Night Owls Might Be 2x Likely To Underperform At Work

It should be no surprise that the traditional 9-5 work day doesn't benefit night owls. A new study out of Finland has claims that compared to early birds, night owls are twice as likely to underperform in the workplace. Simply put, early risers tend to work better in the morning and night owls work better in the evening; and for the most part, it's all genetic. The preference of morning vs. night is called chronotype and is a reflection of a person's underlying circadian rhythm.

The study collected data from 5,881 people regarding their work life, health and sleep patterns.
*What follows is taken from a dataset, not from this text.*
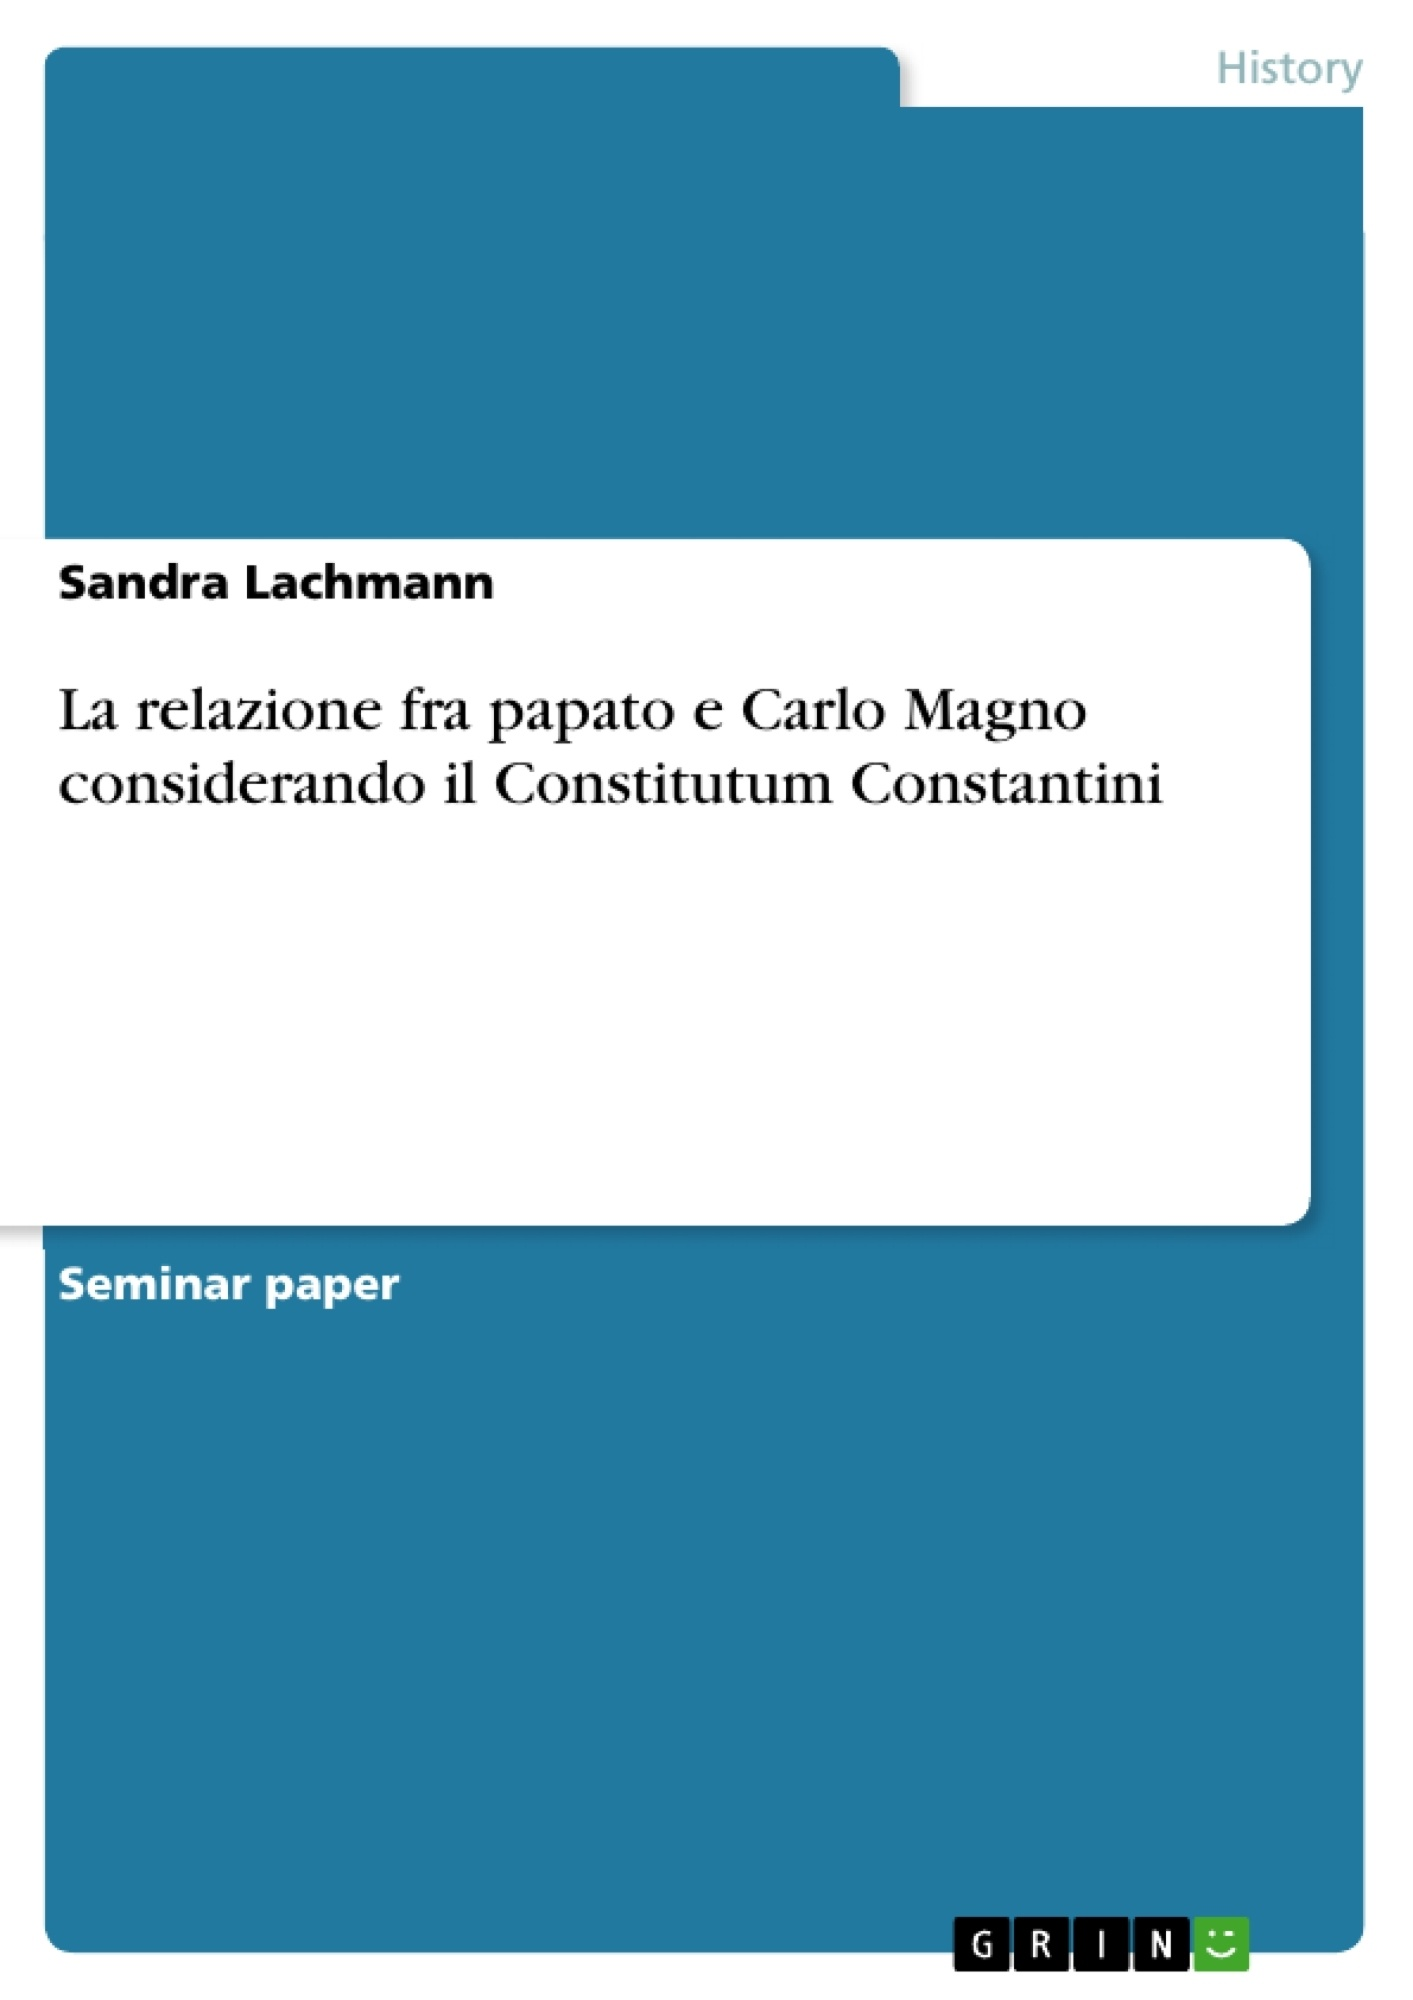 Title: La relazione fra papato e Carlo Magno considerando il Constitutum Constantini
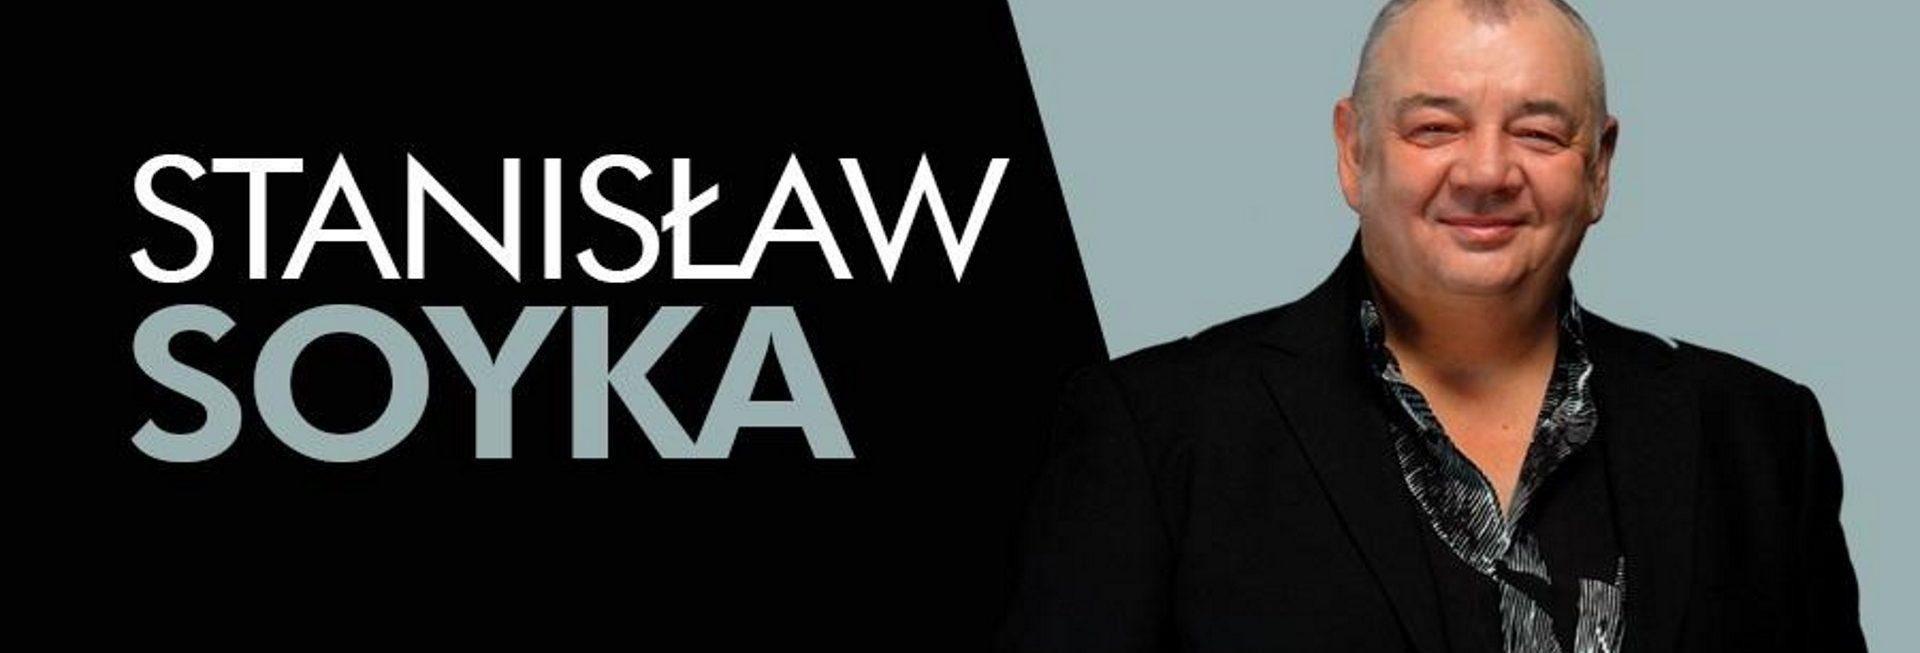 Na zdjęciu piosenkarz, kompozytor Stanisław Soyka.

  • 10% of men and 12% of women were night owls; 72% of worked in day jobs
    • The remaining participants were split evenly 50-50: early risers and "intermediate chronotypes" (people somewhere in the middle)
  • 25% of night owls rated their own work performance as poor
    • They also were "higher risk" of retiring early due to disability

The study was published in the journal Occupational & Environmental Medicine. Kristen Knutson, an associate professor at Northwestern University that studies the link between sleep, circadian rhythms and diseases, has this to say on the subject:

"If evening types have to work in the early morning, they won't rate their work ability as high as morning types. The reverse would be true as well. If normal business hours were 3 p.m. to 11 p.m., the early morning types would feel worse than evening types. The underlying mechanism is our internal biological clock that dictates the time of day we perform best."

The moral of this study is that the traditional workday doesn't benefit everyone. In fact, Suzanne Hood, an associate professor at Bishop's University in Quebec, Canada says:

Night owls shouldn't be alarmed by the findings... Rating job performance doesn't necessarily tell you about the quality of the work in real terms. Also, the study was observational -- it doesn't mean that being a night owl makes you less able to work... Employers could benefit from people with different chronotypes. For example, the employee who seems like a slow starter in the morning might be the person who's most able to work effectively into the evening to meet an important deadline.